Labor & Employment Law Daily Employer’s actions after accommodation request, bias complaints were neither materially adverse nor retaliatory
Wednesday, March 27, 2019

Employer’s actions after accommodation request, bias complaints were neither materially adverse nor retaliatory

By Kathleen Kapusta, J.D.

Although she engaged in protected activity when she asked for a bathroom break and when she complained about disability discrimination after the break was denied, she failed to establish causation regardless of whether the complained of acts were viewed independently or cumulatively.

Granting an employer’s motion for judgment on the ADA retaliation claim of a Cook County Clerk’s office employee, who alleged the office retaliated against her through a series of actions after she requested a bathroom accommodation and then complained about disability discrimination, a federal court in Illinois found she failed to show she suffered a materially adverse action. Although the court believed “the defendants need to have more positive and constructive interactions” with the employee, it was left with no choice but to enter final judgment in favor of her employer (Burroughs v. Cook County Clerk, March 22, 2019, Castillo, R.).

Prior to joining the clerk’s office in 2008, the employee suffered a series of strokes that affected her ability to balance, walk, and control her muscles. In July 2016, she was on her way to the bathroom shortly before lunchtime when her supervisor told her to clock out first. Despite telling her supervisor she had an urgent need to use the bathroom, she was still required to clock out. As a result of the delay, the employee urinated on herself. She complained to the department director and was allowed to take leave for the rest of the day.

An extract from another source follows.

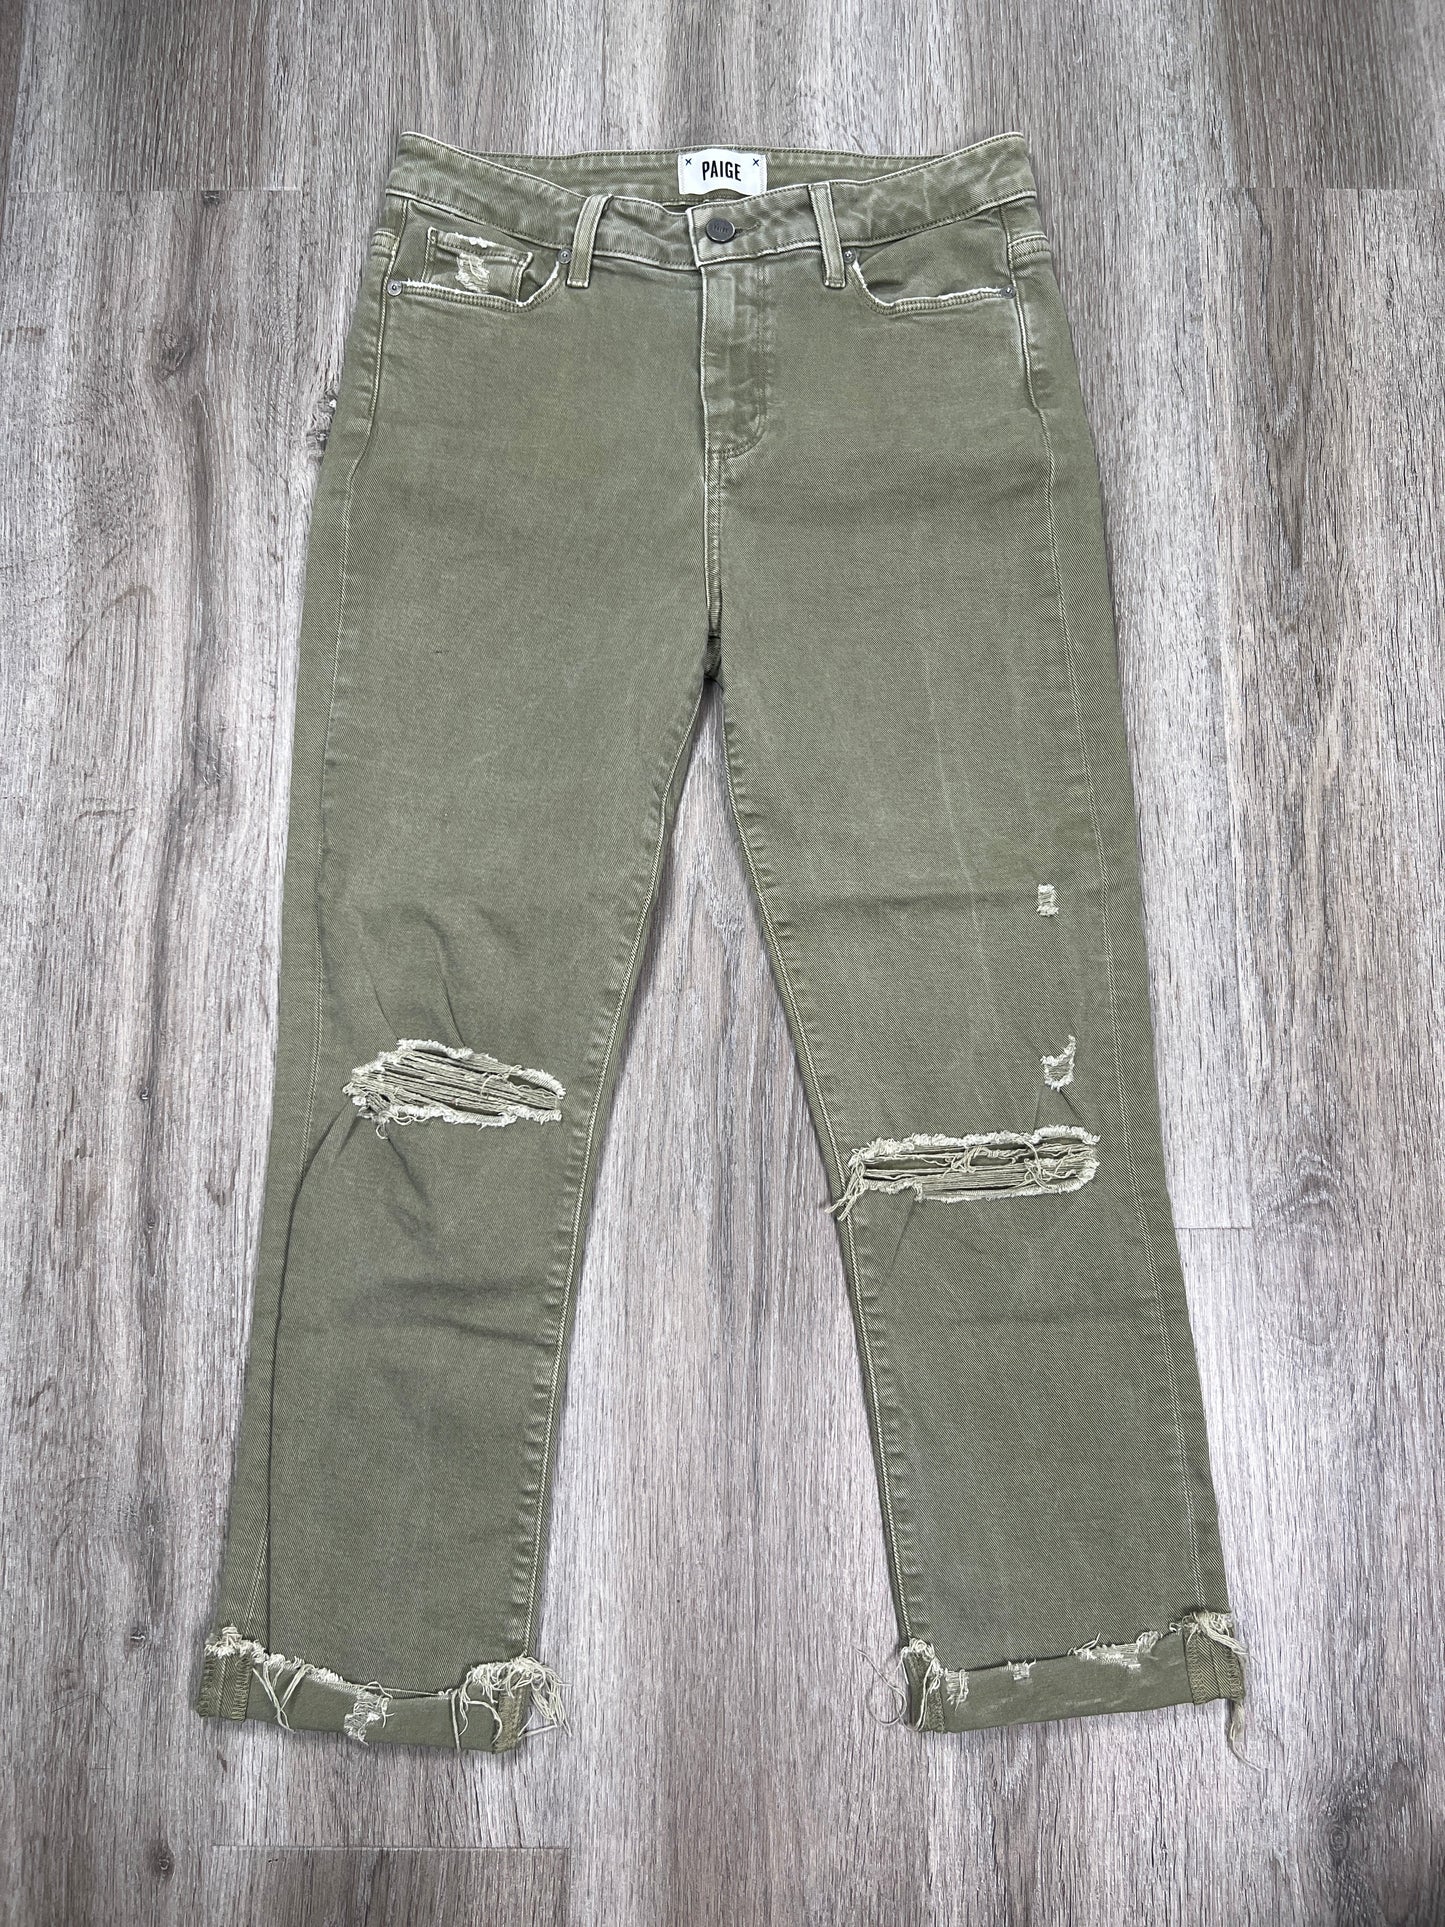 Green Denim Jeans Cropped Paige, Size 8

Complaint. The next day, she complained to the HR director who found the supervisor did not act inappropriately. She also asked the employee to submit documentation relating to her “potential medical condition.” In response, the employee submitted a note stating that she suffered from syncope, was going to be further evaluated, and could resume restricted work as long as she was given a “consistent schedule 9-5.” Her return to work authorization provided that she was unable to work from August 17 to “TBD.”

Dig up some dirt. On August 22, she alleged that a coworker told her that if she didn’t drop her complaint about the bathroom incident, HR was going to “dig up some dirt on her.” He also told her the HR director wanted to see her. When she went to the HR office, the director purportedly began screaming at her. The director, however, claimed the employee acted strangely, mumbled, hit herself in the head, and said she felt like “walking in front of a bus.” The HR director escorted the employee to the county’s health services department where she was examined by a doctor who found her fit to return to work.

Sent home. Several days later, after a meeting with the HR director, the employee was instructed to go home until her doctor cleared her to return. Although the employee had been working pursuant to the August 17 authorization, the HR director claimed she did not see it until September 1 and she was confused by the statement the employee was unable to work from “8/17/2016 to TBD.” On September 7, the employee’s doctor signed another return to work form authorizing her to return effective August 18 with the restriction she maintain a consistent 9-5 schedule.

Claims. She subsequently sued, asserting disability discrimination and retaliation claims under the ADA. After the court denied the employer’s summary judgment motion, her discrimination claims were tried to a jury and her retaliation claim was tried to the bench. Upon the close of her case, the employer moved for judgment on the retaliation count, which the court took under advisement pending the remainder of the trial. After the court returned a verdict in favor of the employer, the court granted its motion for judgment on her retaliation claim.

Protected activity. The court first found the employee proved by a preponderance of the evidence that she engaged in protected activity. She requested a bathroom accommodation and subsequently complained about the interaction with her supervisor and what she perceived as disability discrimination.

No adverse action. She failed, however, to show she suffered a material adverse action. She claimed the clerk’s office retaliated through a series of actions including requiring her to take off work for several days until she could obtain an updated doctor’s note despite having already worked under a previous one. Her own doctor, however, testified that his August 17 letter had not included a return to work date and the HR director testified that she sent the employee home for that reason. Thus, she failed to show the directive to remain out of work until she obtained a note authorizing her return was because of her prior protected activity. And without an authorized return-to-work date, the required use of a sick day to obtain pay while not at work similarly failed to demonstrate retaliation.

OT denial. And she claimed that the denial of her request to work weekend overtime was also retaliatory, buy there was no evidence to show the denial was for any reason other than her 9-5 work restriction, said the court, noting the HR director’s testimony that she believed the restricted schedule disqualified the employee from evening or weekend work.

As to her claim she was required to work longer than her coworkers, there was no evidence to suggest that even if this was the case, it was because of her protected activity rather than because she on occasion had to stay longer in order to reconcile her register. Nor could she show her exchange with her coworker who told her she would be fired if she didn’t drop her lawsuit an adverse action as there was no evidence the employer knew about or orchestrated the exchange.

In sum, said the court, while the incident in which she was denied a bathroom break doubtless caused the employee a great deal of dismay and tension, she failed to show that the complained of conduct was in retaliation for her accommodation request or related complaints.